9. Socializing. One of the most effective ways of relieving stress. People who regularly engage in social interaction have increased levels of oxytocin, a hormone that helps decrease anxiety levels and activates calming responses by stimulating the parasympathetic nervous system. This hormone also stimulates a person to seek out further social contact and improves the sense of attachment to loved ones who are important to them. While practicing physical distancing is so important right now, social distancing is not. Reach out to family and friends, whether it be on phone or video, on a daily basis to get your boost of oxytocin to reduce stress levels.
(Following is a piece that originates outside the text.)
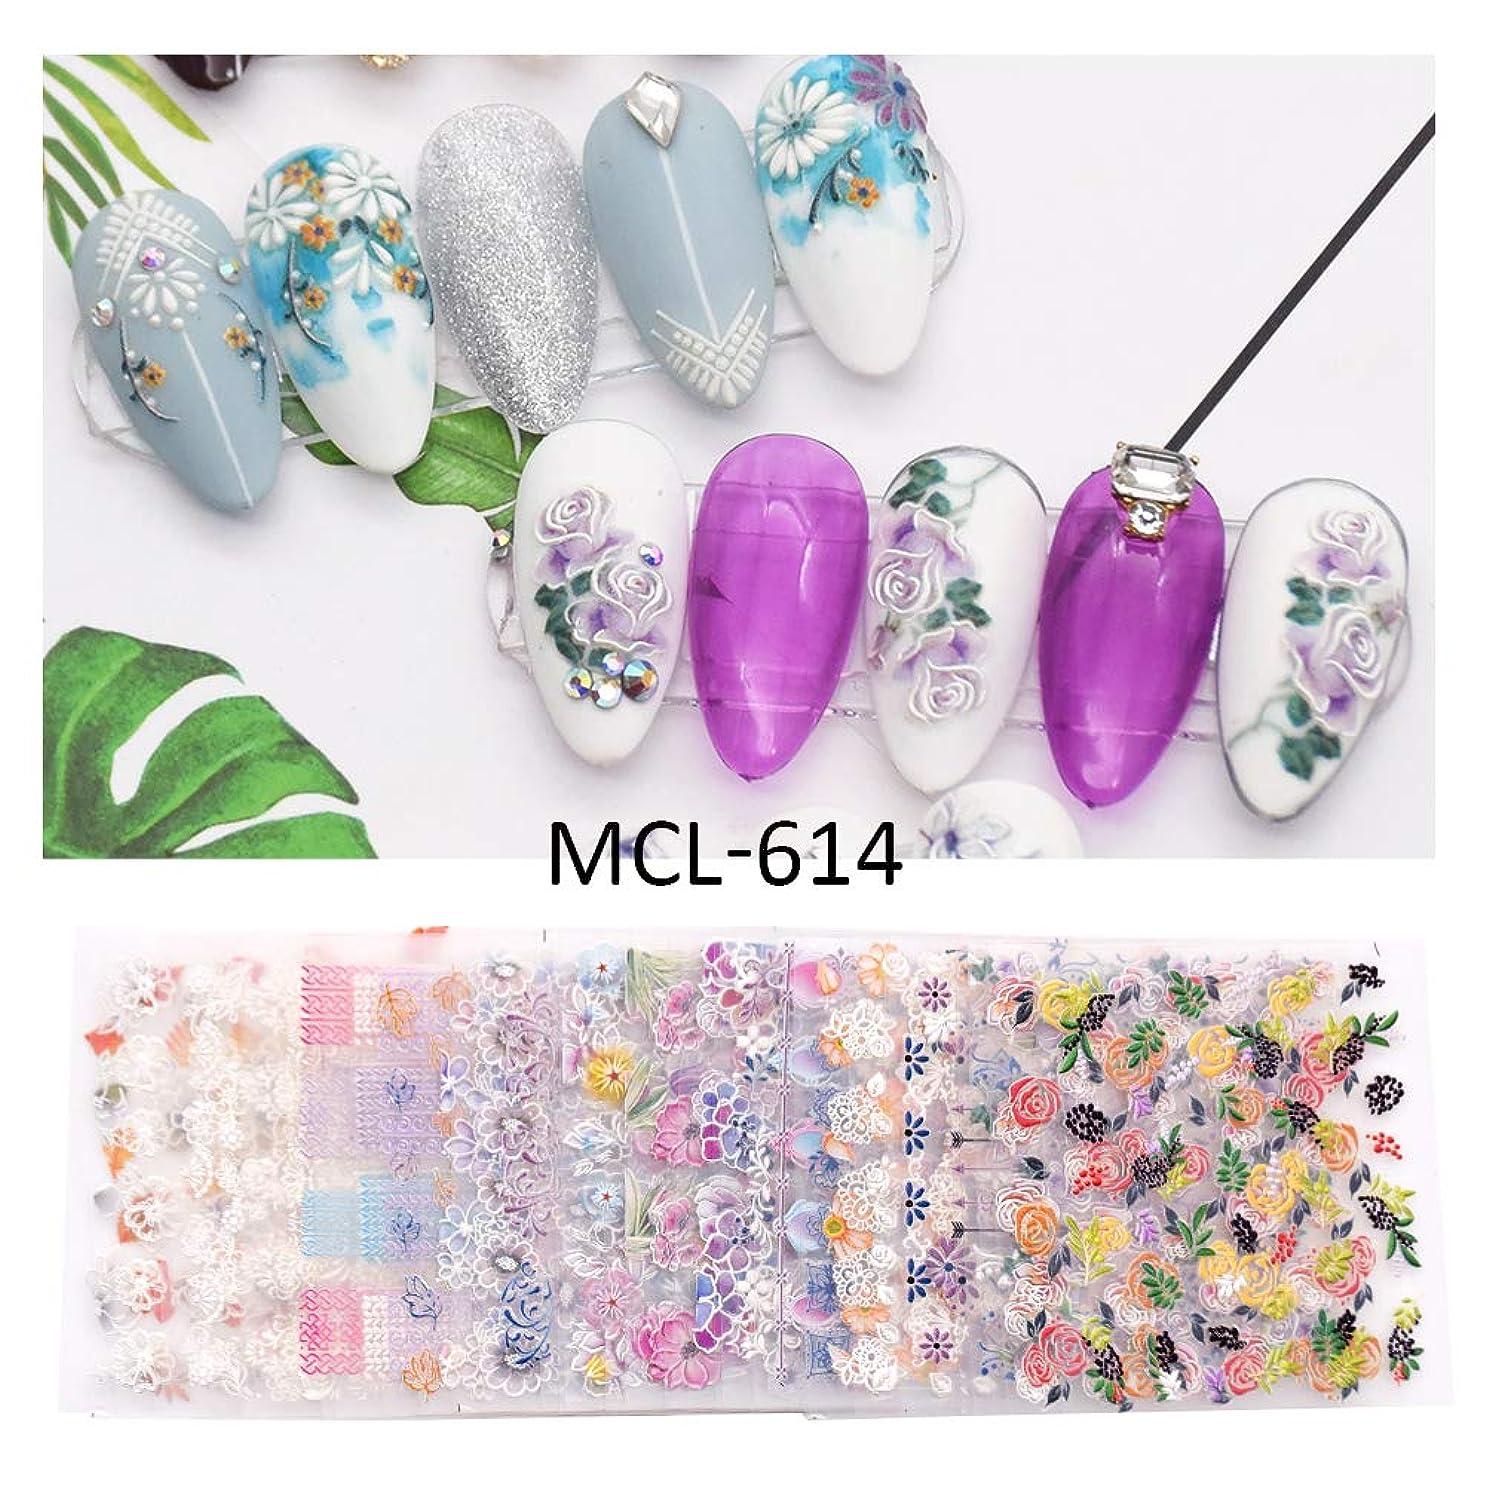 メーリンドス レリーフネイルシール 3Dネイルシールステッカー エンボスネイルフラワー花柄 貼るだけネイルパーツ 立体アートシール 45種 選択可能 4本セット (37-40)

10. Change Your Habits. So, obviously our lives have all changed, physical distancing, working from home, homeschooling the kids, or maybe you are at home alone. It’s very easy to fall into bad habits of staying in pyjamas, waking up late, eating a lot of high carb and unhealthy foods, and moving less every day. Well. it’s time to change these bad habits that you’ve fallen into. With uncertainty surrounding us, it’s difficult to stay motivated to do all the ‘right’ things. Well, nobody’s perfect, but right now is when you need to focus on your mental and physical health the most. Get your friends together and do an online fitness challenge, use a healthy eating meal plan to get you back on track, commit to a regular bedtime and wake cycle. These unhealthy habits can be easy to fall into, but today is the day you can commit to a healthy change, get support from friends, get motivated and let’s do this.
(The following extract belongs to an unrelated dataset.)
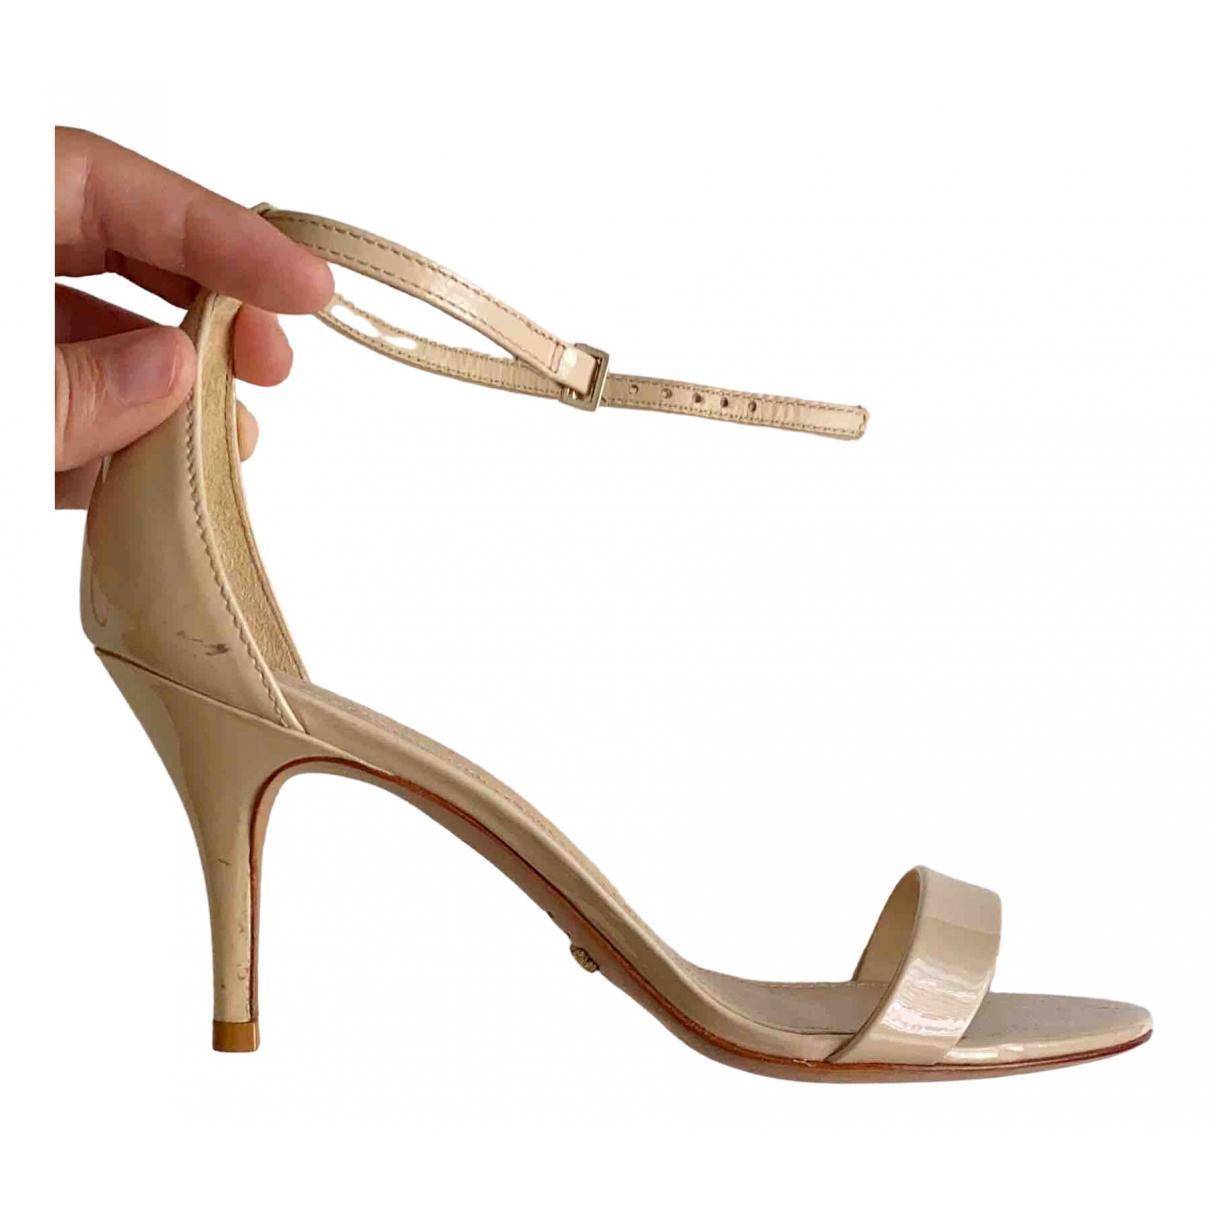 Schutz - Sandales   pour femme en cuir verni - beige

According to the KFF tracking poll1, over 45% of people have said the coronavirus pandemic has impacted their mental health, people are struggling with anxiety, panic attacks and depression. The stress of uncertainty makes people spin out of control where you feel like there’s no way back. Please use these tools to combat the overwhelm and daily stress struggles, and get back to a place of calm and healthy living in no time.